There are Terrible Towels in the stands, but many a playoff fumble or interception has been blamed on Pittsburgh's terrible turf. A year ago, Jaguars running back Taylor called the chewed-up, mushy and pockmarked field "a lawsuit waiting to happen." NFL players voted it the league's worst, perhaps because the Steelers own the NFL's best home-field record since 1970.

That's why the San Diego Chargers may be in for a pleasant surprise during Sunday's AFC divisional playoff game, because this won't be the same field on which they played their 11-10 loss to the Steelers on Nov. 16.

Soon after that, the Steelers put down a brand-new grass field. Only three games have been played on it in seven weeks, and the grass was thick and unmarked for the Steelers' 31-0 win over Cleveland on Dec. 28.

Good thing for Steelers quarterback Ben Roethlisberger, too, since he sustained a concussion while being driven into the turf by two Browns defenders late in the first half.

"The soft Heinz Field might've helped a little bit," Roethlisberger said.

What the Steelers don't know is if their bad field turned good is any advantage against a team with the speed the Chargers possess.

"We were rather surprised to see it in the Cleveland game, as good as it was," Steelers left tackle Max Starks said. "That's a good sign."

Starks paused for a moment, then realized that might not necessarily be so.

"And if it is a little muddy, oh, well," he said. "Being in lovely Pittsburgh, Pa., you never know what the weather's going to do. But this is football, it's not a pretty game, it's not a finesse game and we're in an outdoor stadium. If there's mud, sleet, ice, freezing rain, whatever it is, we're going to play in it."

Darren Sproles, the 5-foot-6 Chargers running back who totaled 328 yards against Indianapolis last week, no doubt wants a fast track. So does quarterback Philip Rivers, who led only one touchdown drive amid snow showers and 30 degree temperatures in the earlier Pittsburgh game.

"It's not like everybody on that team grew up in Pittsburgh," Rivers said. "We go out and play. We've all played in cold games before."

Sunday's forecast: mostly cloudy with snow showers and temperatures in the 20s. Brrr.

"The weather is going to be a factor for those guys," Steelers wide receiver Santonio Holmes said.

To Madden, that prediction probably sounds tropical compared to the miserable weather for his Oakland Raiders' 16-10 loss in the AFC championship game in January 1976.

The temperature was 11 with wind gusts in the 30 mph range, and the artificial turf became a sheet of ice after a protective tarp blew off the night before. The Raiders still believe the Steelers intentionally iced the field to slow their fast receivers.

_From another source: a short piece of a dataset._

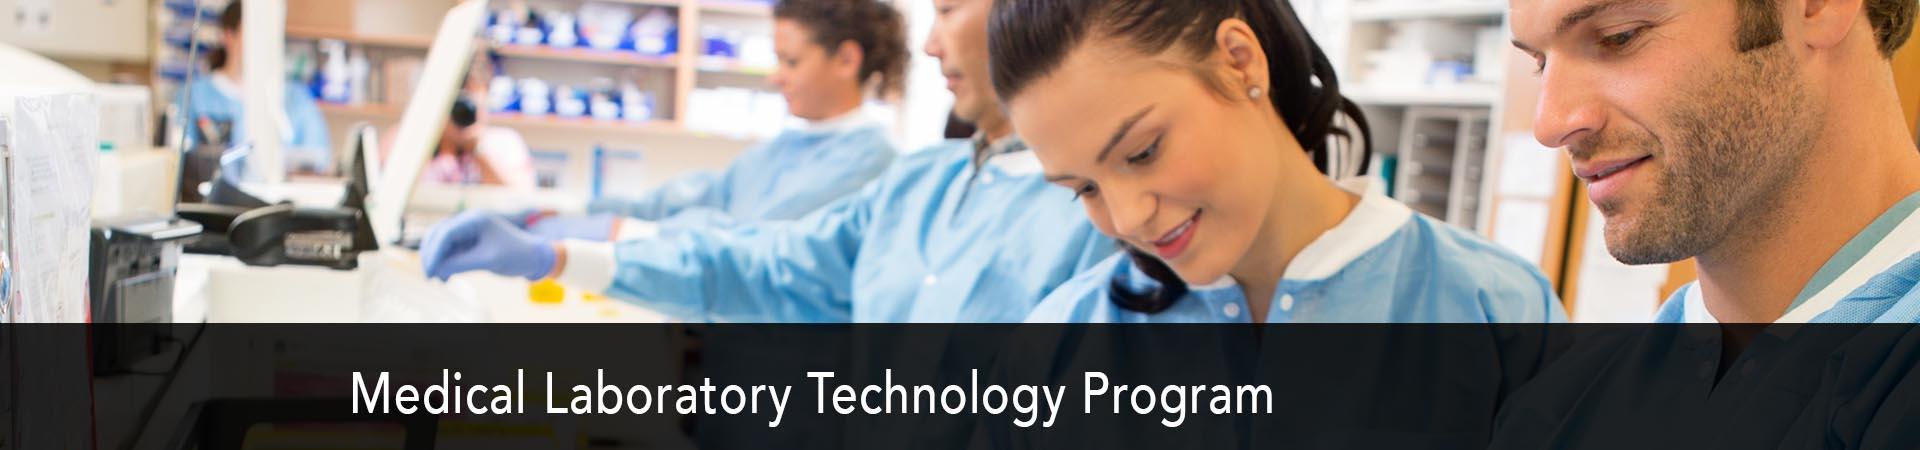 Explore the Medical Laboratory Technology Program at NC

Of course, this came only three years after the Immaculate Reception, so the Raiders weren't exactly thrilled to be playing again in Pittsburgh. Neither was Pastorini, who threw five interceptions and was sacked four times on a water-soaked field as the Steelers beat Houston 34-5 in the January 1979 AFC championship game.

The Steelers abandoned artificial turf upon moving into Heinz, but their bad-as-it-gets field reputation persisted.

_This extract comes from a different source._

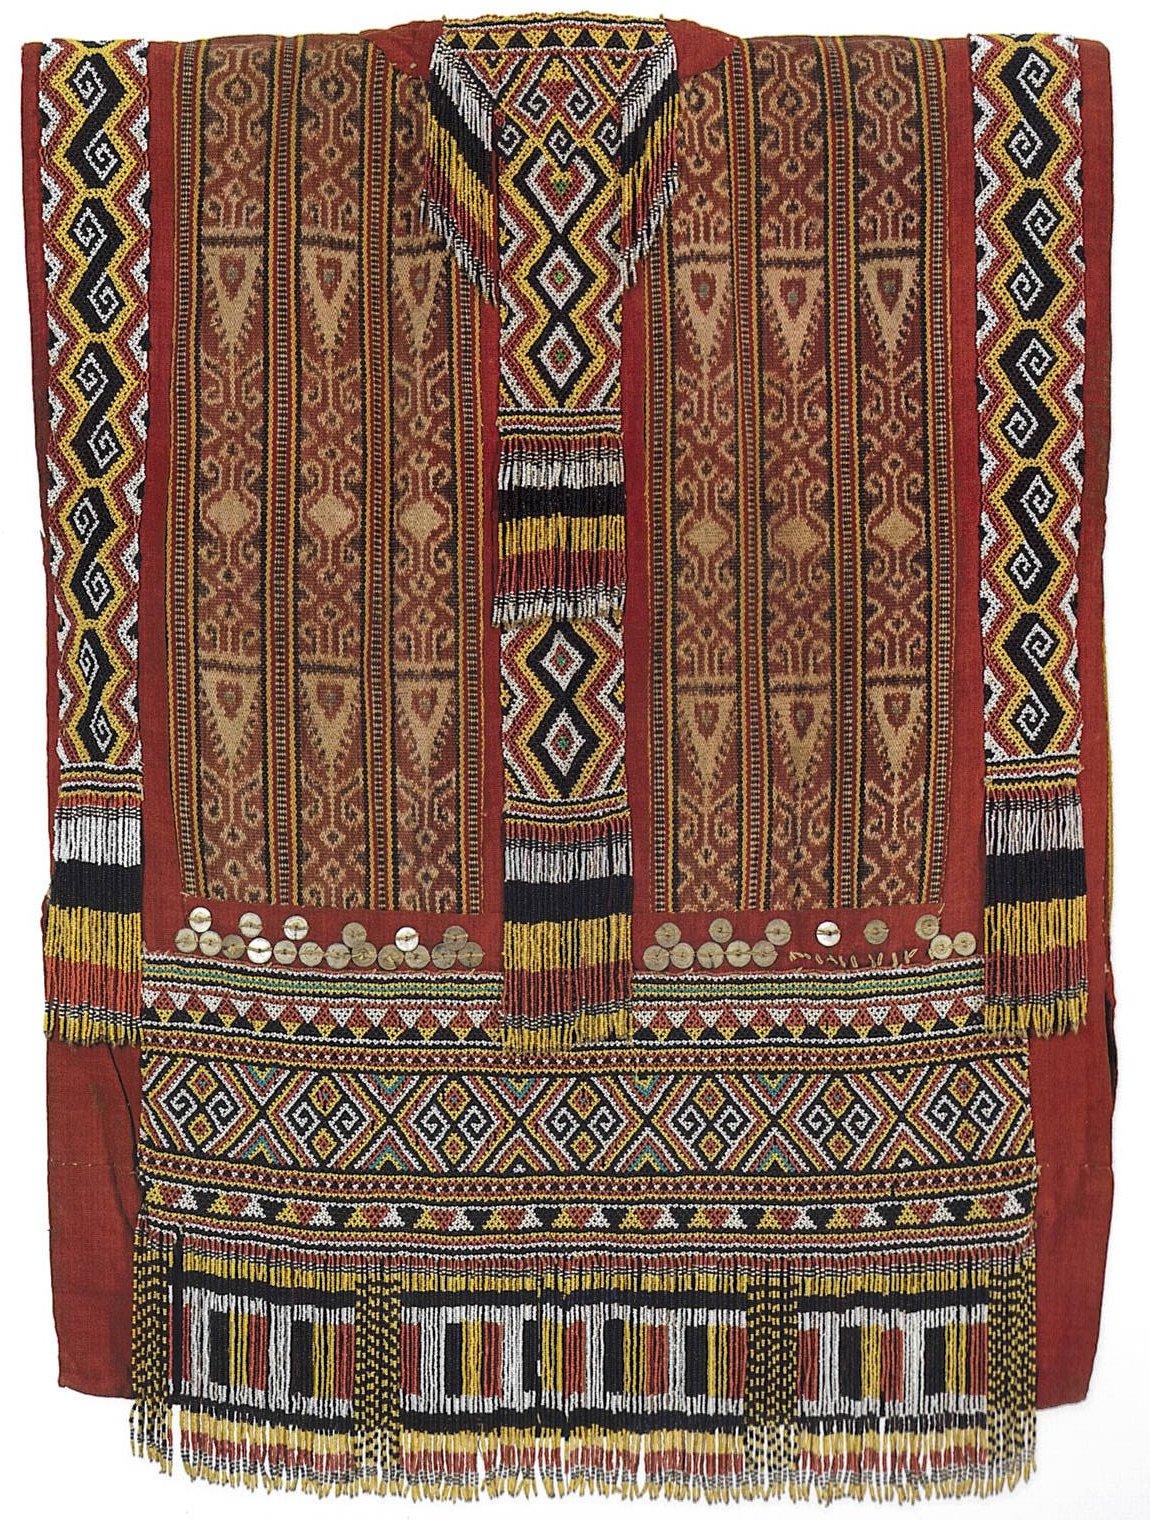 Iban Tribal Ikat Shirt |  Wikimedia Commons

Four years ago, Brien became the only kicker in NFL playoff history to miss two potential game-winning field goals so late in a game when he couldn't convert from 47 and 43 yards in the final 2:02 of Pittsburgh's 20-17 divisional-round overtime victory.

The Jets didn't bring back Brien, who failed not so much because he couldn't stand up to the pressure, but because he couldn't stand up, period.

Taylor's get-me-a-lawyer comments before Jacksonville's 31-29 playoff win last year came a few weeks after an unheard-of late-November monsoon and newly installed grass combined to make for a nearly unplayable field during Pittsburgh's 3-0 regular-season win over Miami.

Such are the miseries of playing football where not one, two but three nearby rivers offer up numbing and confidence-eroding winds. Even when the grass is green like it is now, not the usual brown.

"Teams like San Diego come here, you can't simulate the weather conditions, you can't simulate the field conditions," Steelers wide receiver Hines Ward said. "That's the home-field advantage we have."